We explained these matters to SIPO face to face, and they had their legal advisors present. They may have utterly failed to regulate politicians but they had the big guns out for Right2Water. I asked them whether they had seen the show the previous Monday. There was a sheepish silence. Dave asked them, why us? Why were they targeting Right2Water? He pointed out that while Right2Water was not ‘an organisation’ but ‘a campaign’, there were plenty of actual ‘organisations’ who spent multiples of what was spent on Right2Water on actual political lobbying, and who didn’t have the protection of the Trade Union Acts yet who weren’t in front of SIPO. What about IBEC? The American Chamber of Commerce, or a massive campaign for lower VAT rates for business which was then underway? All of these organisations and campaigns had somehow apparently not hit the radar of SIPO at all. ‘How could this be?’ we asked.
‘You must be a victim of your success’ came the staggering response.
We left our ‘victimhood’ behind and took our ‘success’ with us as we left by telling SIPO that if they believed that the legislation under which they were required to operate somehow trumped our required role in rule, and in law, to politically campaign, then they would have to do what they would have to do.

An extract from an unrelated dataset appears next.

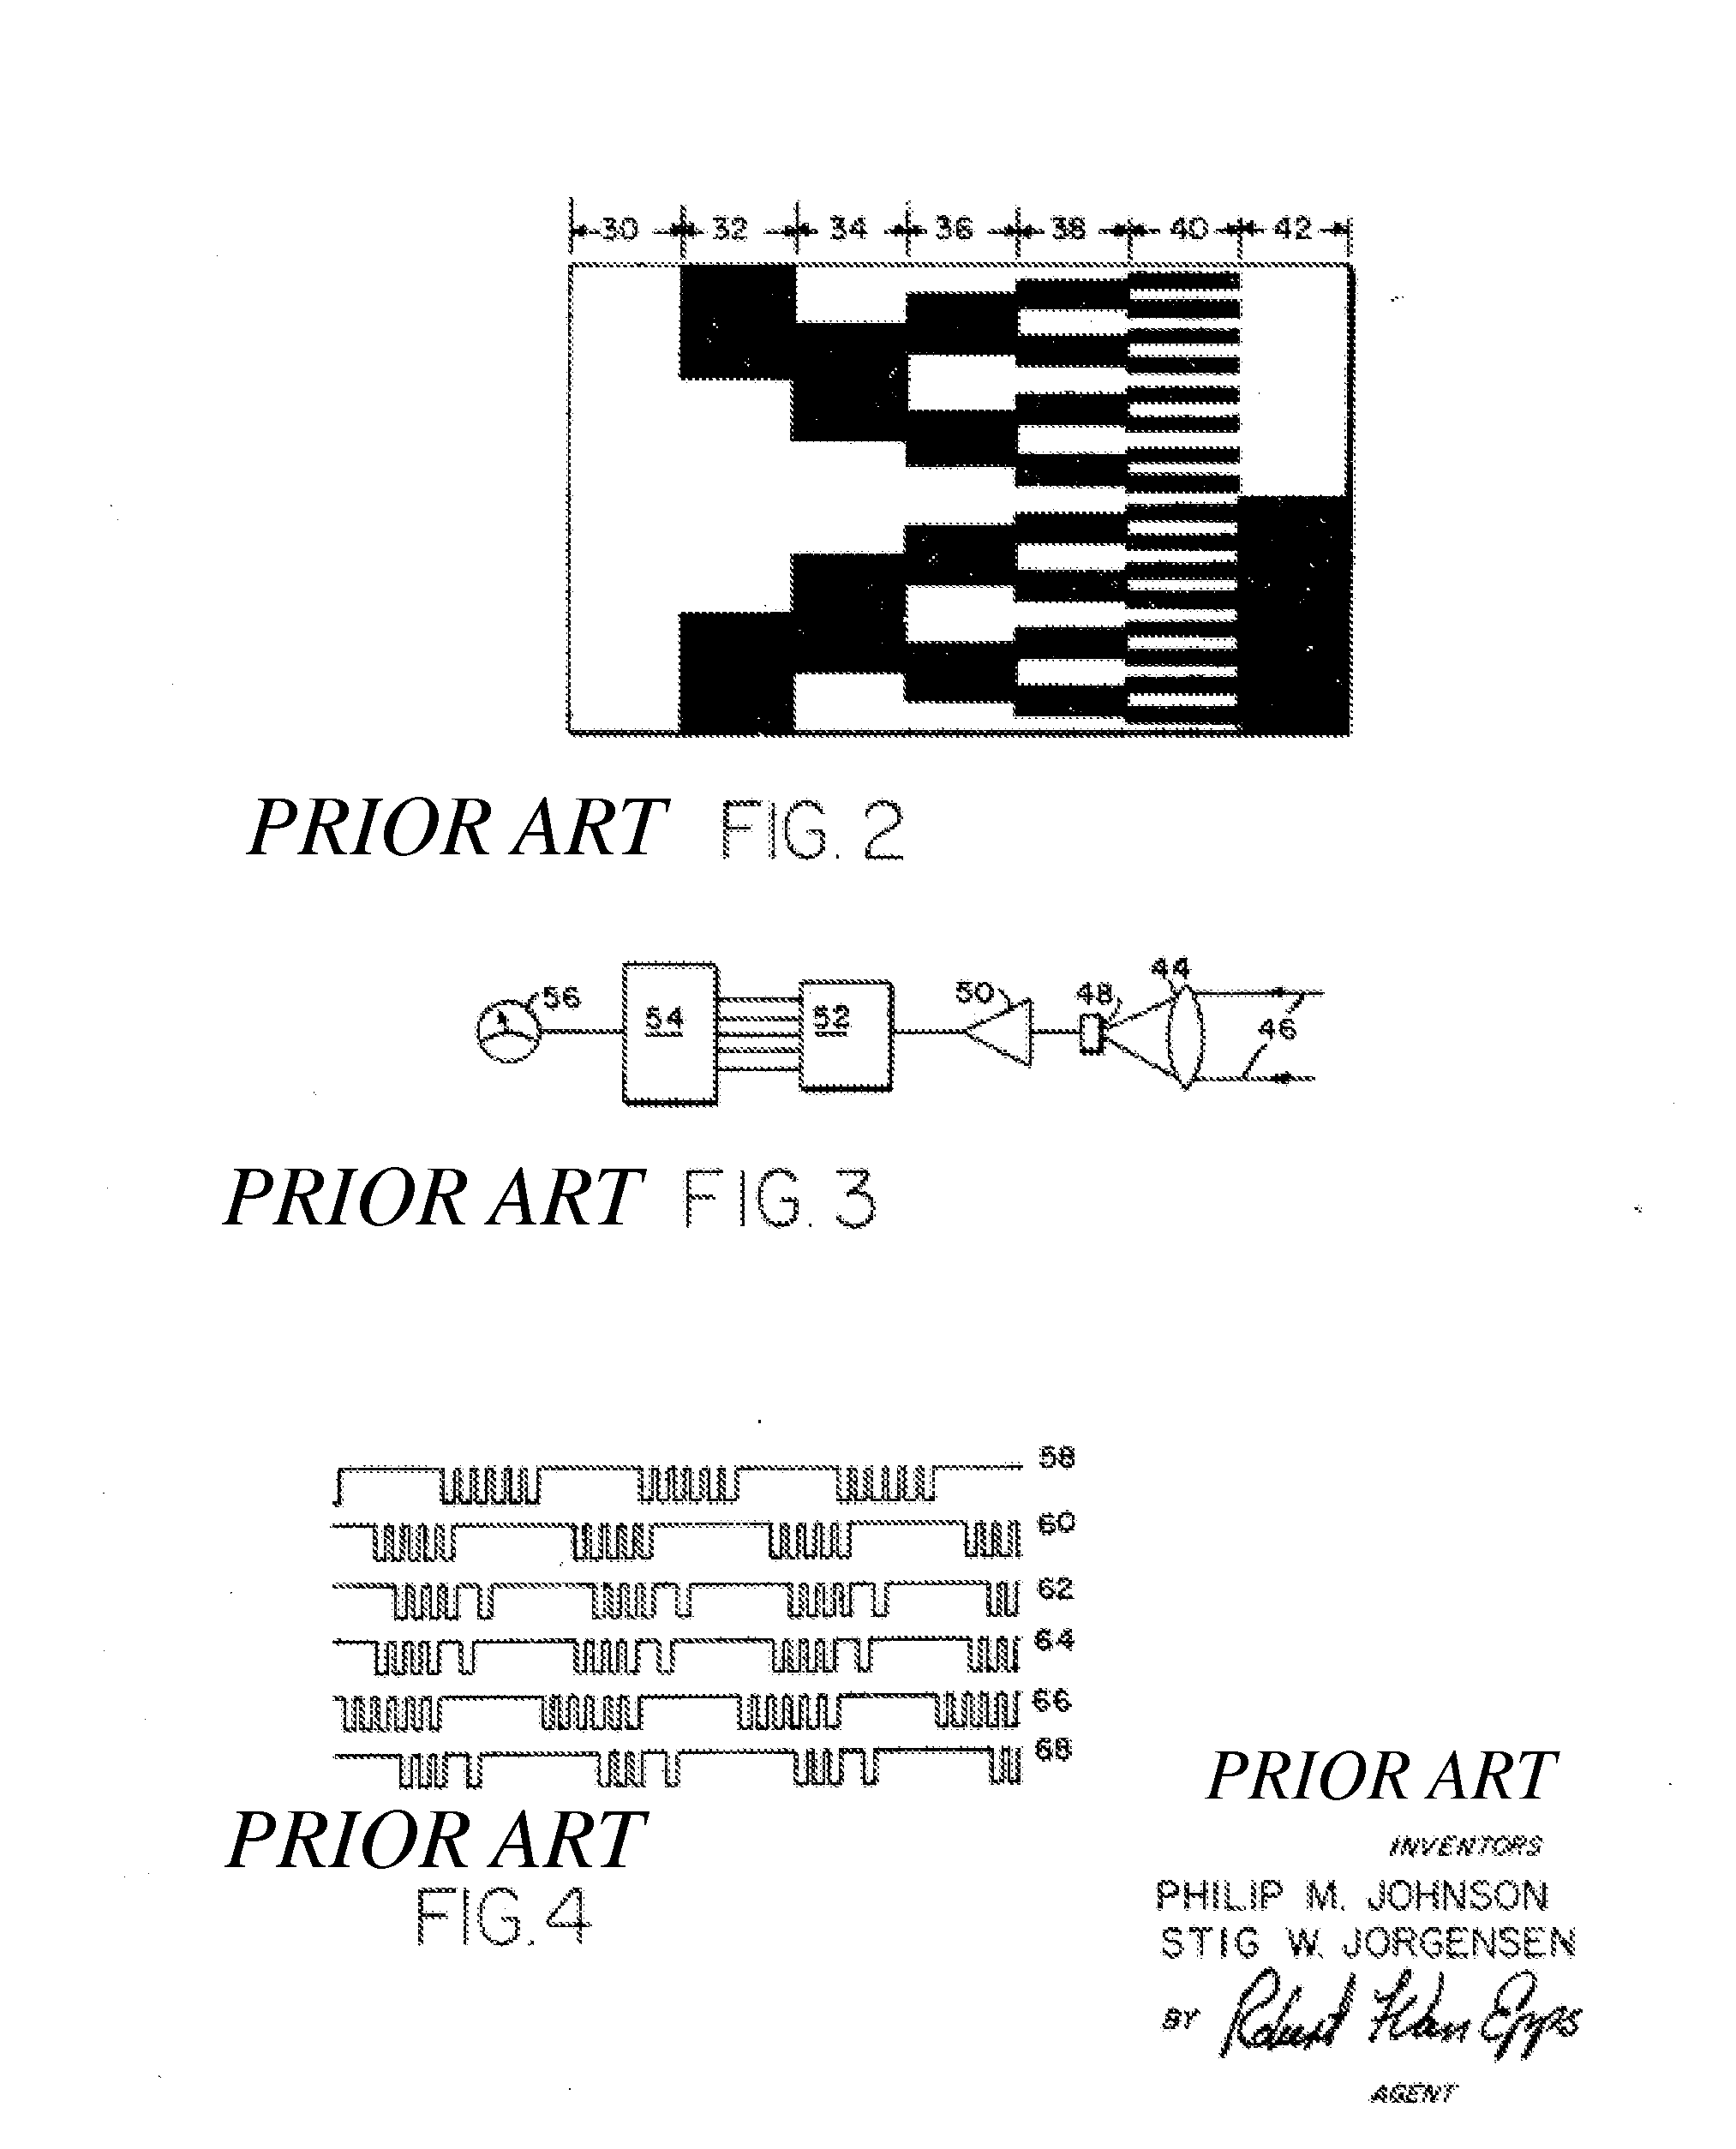 Compound structured light projection system for 3-D surface profiling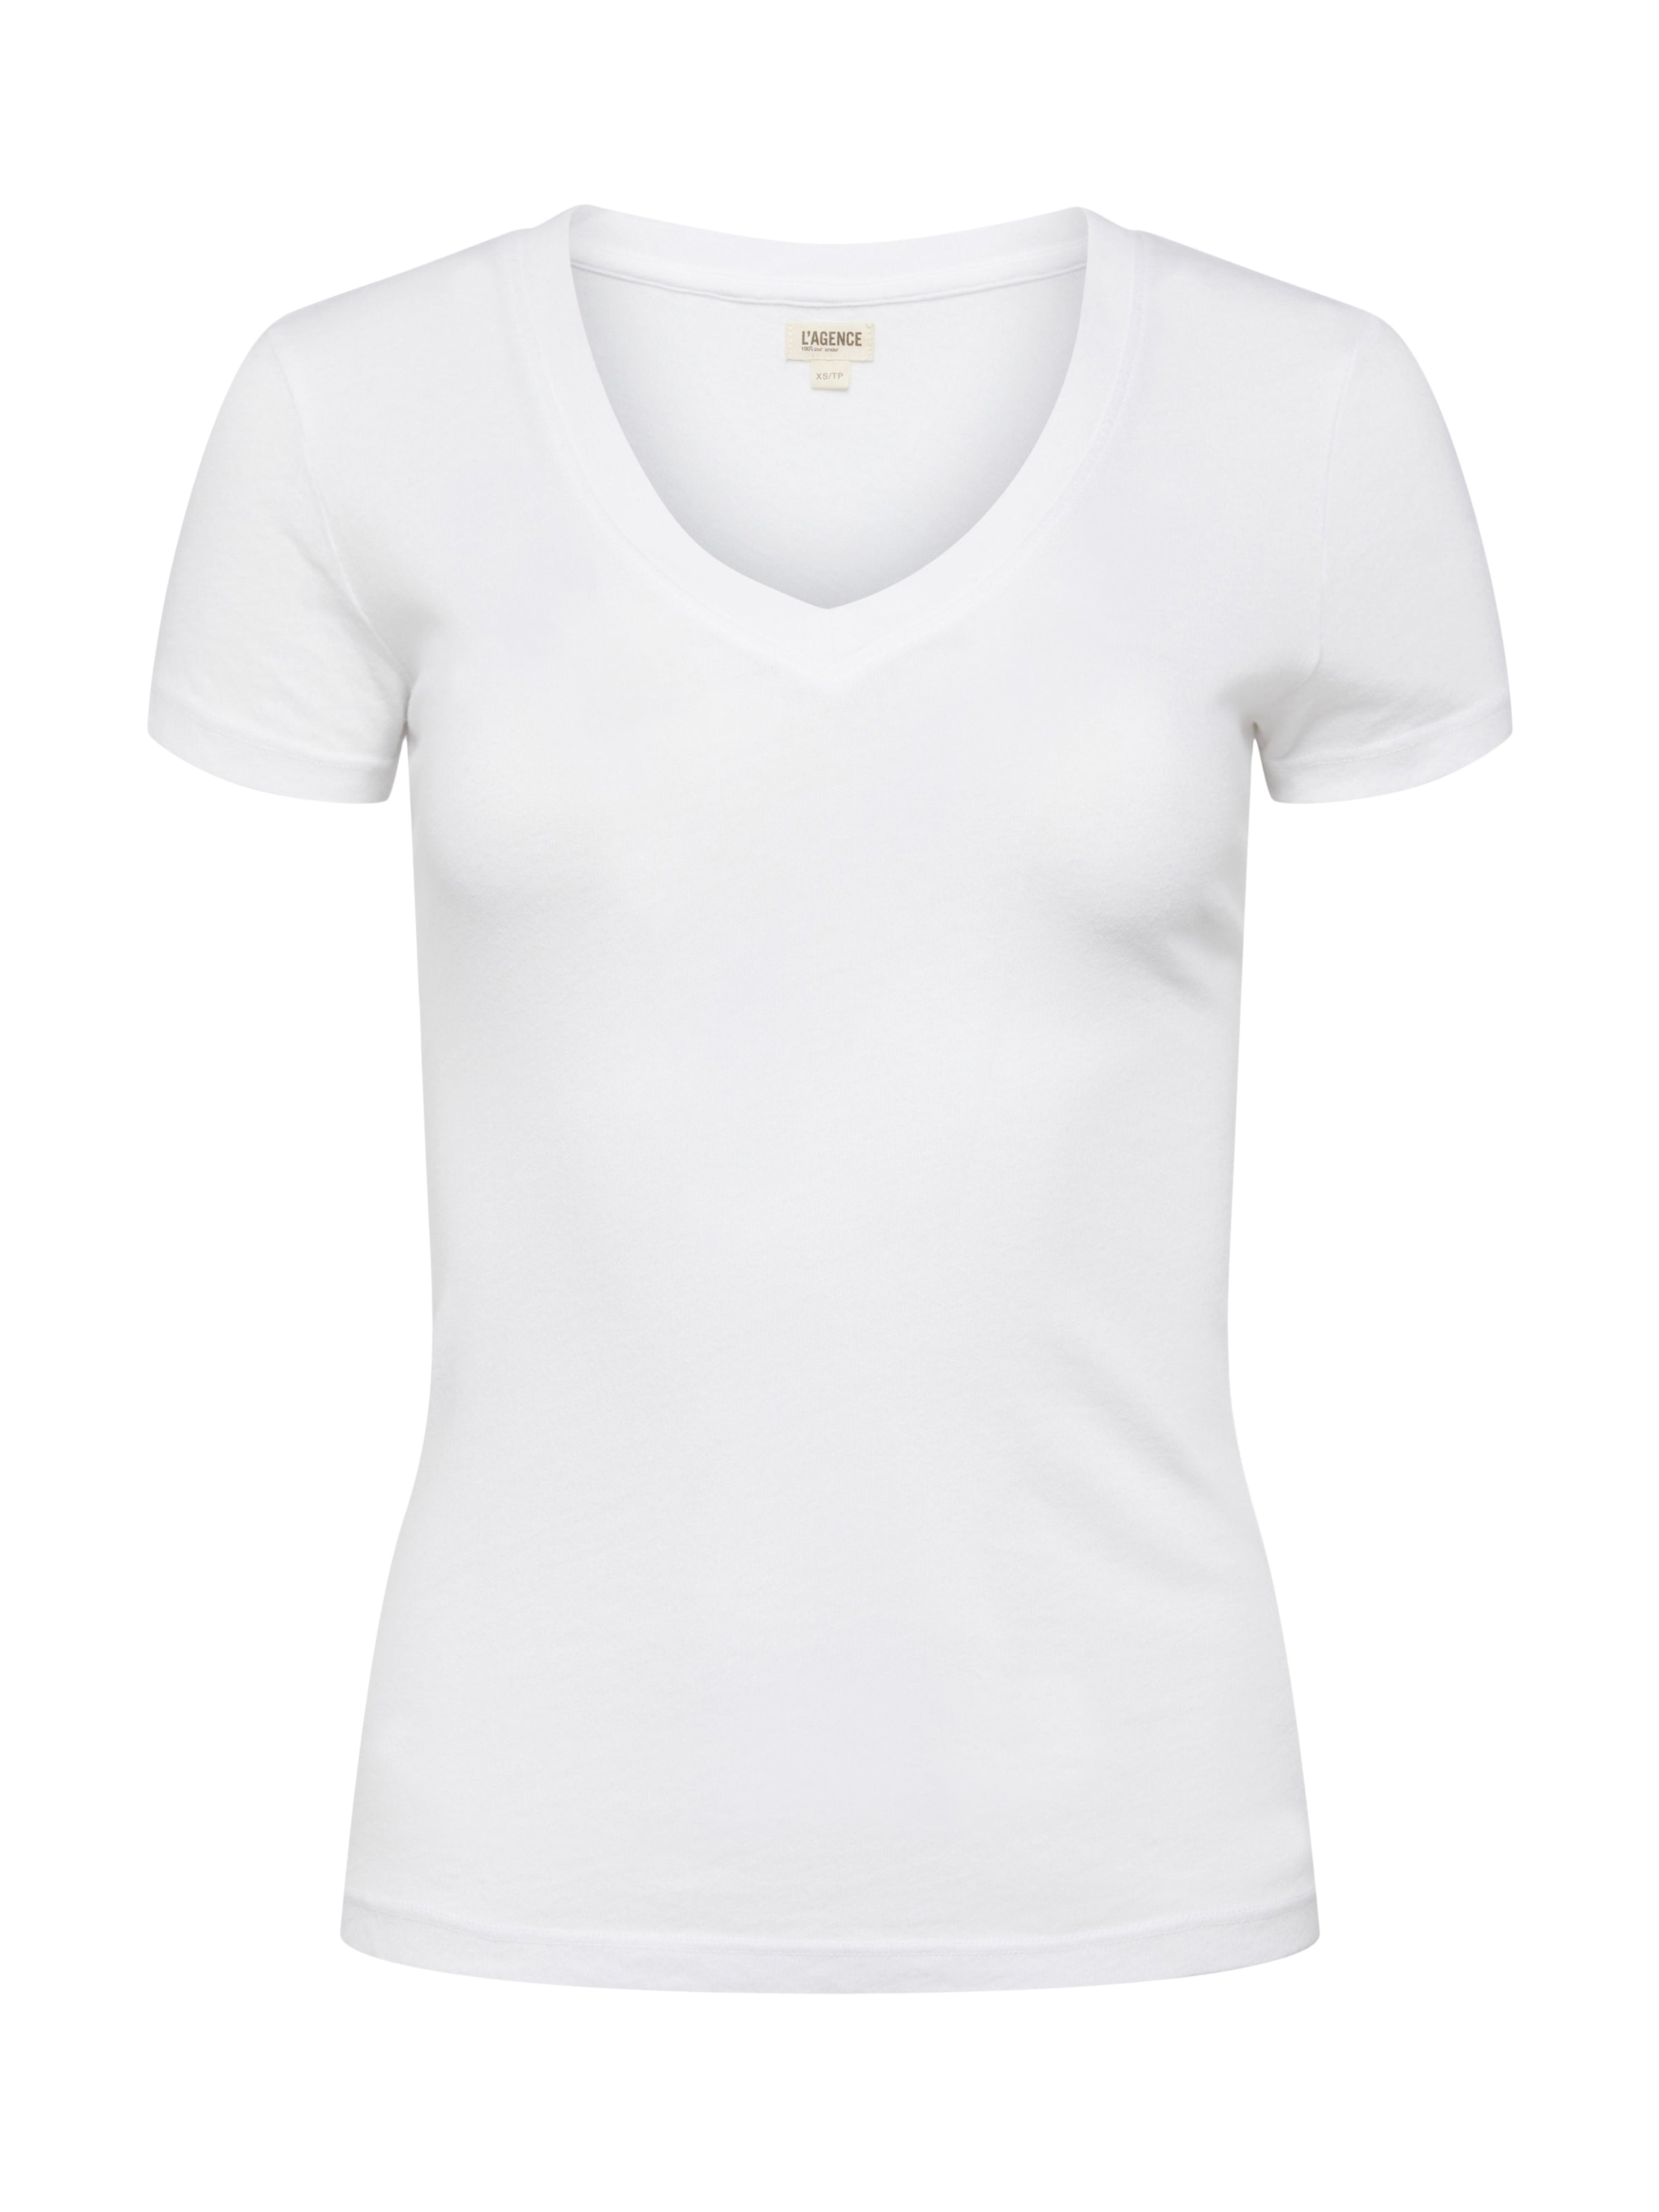 Becca Tee in White - L'AGENCE

And they did. Letters followed. Strong letters. Threats were contained in them too about what would happen if we didn’t ‘comply’ with their demands. We answered politely but firmly, assuring them that we would continue with our campaigning. Eventually, they made a formal complaint to An Garda Siochana. As one of two named persons of a form in SIPO’s office I was interviewed twice. A couple of others were interviewed too. I had our rule book and the Trade Union Acts with me. The Gardai (Detectives they were as it happened) were very nice. Understanding. Professional. I could perhaps say ‘embarrassed’, but I can’t read minds. They explained that they would have to send a file to the Director of Public Prosecutions (DPP). I explained that I understood. I explained that if the Trade Union Acts were trumped by the legislation enacting SIPO, then it was clearly a matter for the Courts anyway. Nobody had told the Trade Union movement about it though. Nobody had explained this in the Oireachtas when the legislation was enacted. I’m quite sure that there would be nothing in the notes, records or transcripts of the discussions and debates that led to the SIPO legislation being enacted that cut across trade unions’ rights to campaign in accordance with rule and already existing law. And there had been no widespread public concern about trade union campaigning being a contributor to the issues SIPO were established to address. And neither had there been any Primetime expose of corruption in the trade union movement.
Was somebody missing the point?
Anyway, it has come to pass that the DPP has deliberated on the matter and that there is no case to answer. The Detectives involved have formally advised us of this. They have also advised us that SIPO may continue to make complaints. And so they may.
For my part, I’m looking forward to the RTE Primetime Special outlining the work done since 2015 to clean up the issues SIPO were set up to pursue. After all, if they have spent the same effort going after the truly corrupt in Ireland as they have after trade unions doing their job, it should be some show.